風味においては、エタノール処理した比較例2と同等の評価となった。しかし、油脂を添加した比較例3では、風味がコントロールよりもやや劣ると言う結果となった。このことから、風味は全脂粉乳に対して何も処理をしないかエタノール処理をすることで強化されると考えられる。
一方、比較例2は見た目において高い評価となった。ここで、見た目とは、溶解後の溶液の色やコップの壁面に付く溶液の跡(粉っぽさなど)を意味する。これは、エタノールで処理した全脂粉乳は細かく分散しやすい傾向にあり、コップの壁面に付着しても粉っぽさが出なかったためと考えられる。
<実験4:DE値による効果の差>
DE値による効果の差について、溶解度試験及び官能評価で確認を行った。まず、実施例1に基づき、実施例2および比較例4を作成した。
<実施例2(DE8)>
実施例1において、DE8のデキストリンを用いて造粒したこと以外は、実施例1と同じである。
<比較例4(DE15)>
実施例1において、DE15のデキストリンを用いて造粒したこと以外は、実施例1と同じである。
上記実験2と同じ手法により、実施例1,2および比較例4の溶解度試験を行った。結果を表3に示す。
Figure 0006758367
表3から明らかなように、実施例1(DE10)及び実施例2(DE8)は、比較例4と比べて溶解度が高い結果となった。溶解度は撹拌時間が長くなるほど増加し、約40秒の撹拌でBrix値はどちらもほぼ最大値に達した。また、実施例1と実施例2を比べると、実施例1の方が実施例2よりも溶解度が高いという結果となった。
一方、比較例4(DE15)では、実施例1及び実施例2よりも溶解度が低下していることがわかる。また、実施例1及び実施例2では約40秒の撹拌でBrix値はどちらもほぼ最大値に達したが、比較例4では継続して上昇しており、溶解するのに時間がかかっていることがわかる。また、今回の実験結果から、デキストリンはDE10で最も効果があり、DE10から遠ざかるにつれて効果が弱まるものと考えられる。さらに、実施例2および比較例4の結果から、DE値が大きい方(DE値>10)に向かうほど、より効果が失われやすいものと考えられる。

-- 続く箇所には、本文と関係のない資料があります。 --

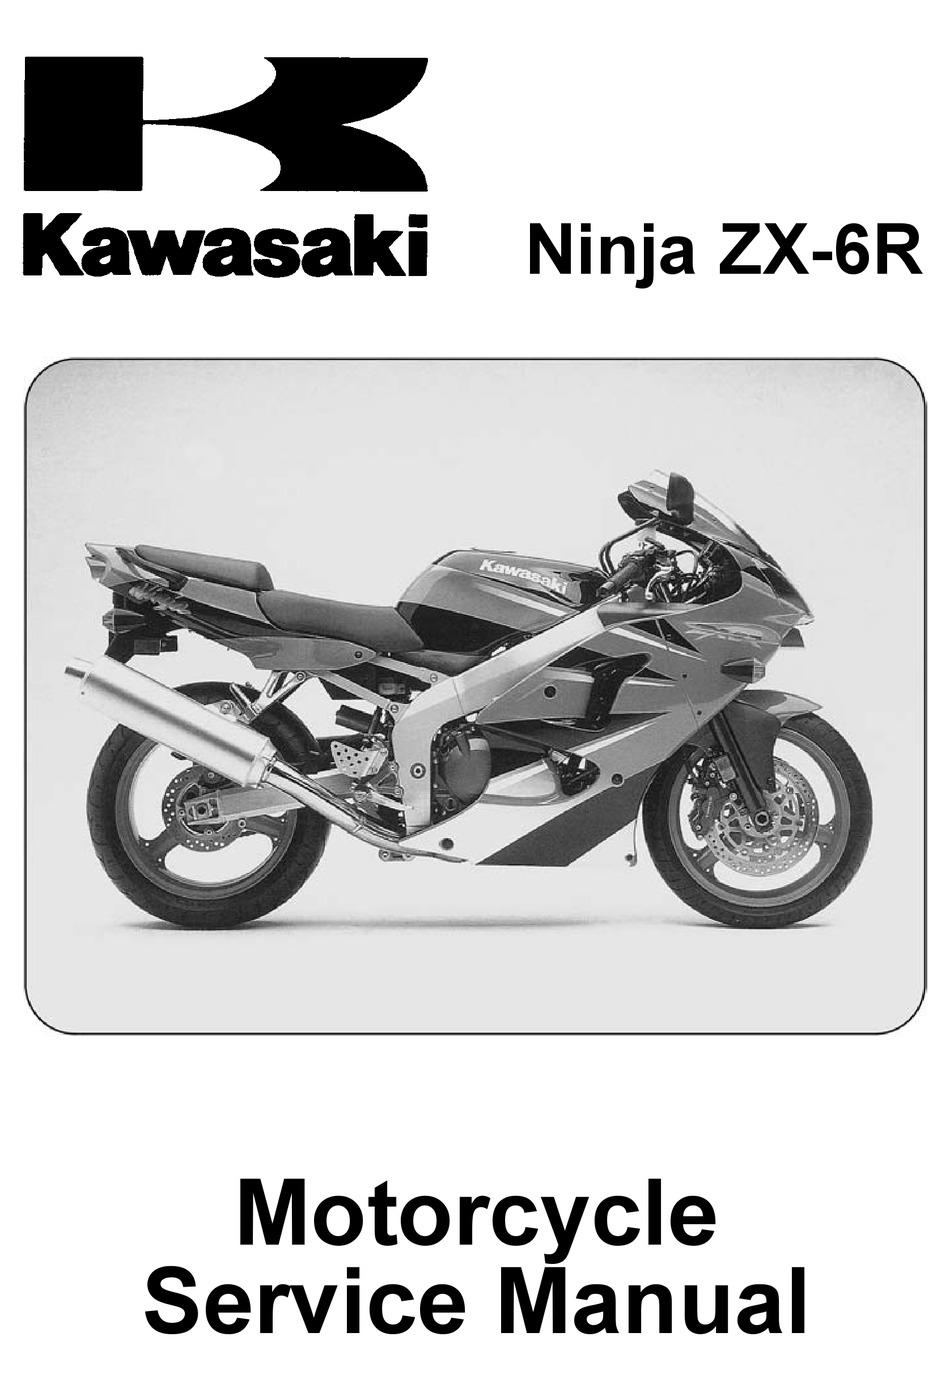 Kawasaki Ninja Zx 6r Service Manual Pdf Download Manualslib

次に、上記実験3と同じ手法により、実施例1,2および比較例1,4の溶解度試験を行った。結果を表4に示す。
Figure 0006758367
表4の結果から明らかなように、実施例1,2は比較例1,2と比べて乳脂肪感および風味が優れていることがわかる。ここで、注目すべき点として、表4の結果と表3の結果とが似ていることが挙げられる。すなわち、実施例1と実施例2を比較すると、実施例1の方が官能評価の結果が良いことがわかる。次に、実施例2と比較例4を比較すると、見た目や脂肪感はほぼ同じ評価が得られているが、風味に際しては比較例4の結果が急激に下がっていることがわかる。この傾向は、表3の考察で指摘した通り、DE10から遠ざかるにつれて効果が弱まる傾向と一致する。また、DE値が大きい方(DE値>10)に向かうほど、より効果が失われやすい傾向とも一致する。これらの結果から、本願発明で用いるデキストリンのDE値は、牛乳に近づけた溶液の再現に少なからず影響を与えているものと考えられる。
以上説明したように、本願発明にかかる全脂粉乳の造粒方法は、溶解性が良く、しかも乳脂肪感に優れるものであった。

Claims (4)

  1. 全脂粉乳の造粒方法であって、
    全脂粉乳にエタノールを添加する添加工程と、
    前記添加したエタノールを常温で揮散させる乾燥工程と、
    前記乾燥物に油脂と乳化剤を添加して混合する混合工程と、
    前記混合物を45℃以下で造粒する造粒工程と、
    からなる全脂粉乳の造粒方法。
  2. 前記造粒工程がDE5〜12のデキストリンを用いた流動層造粒である請求項1記載の造粒方法。
  3. 前記混合工程において用いる油脂と乳化剤があらかじめ混合されている請求項1または2に記載の造粒方法。
  4. 水温4℃の水38gに造粒した全脂粉乳12g加え、1000rpmで20秒撹拌した後、42メッシュで濾過した溶液のBrix値が11以上となる造粒された全脂粉乳。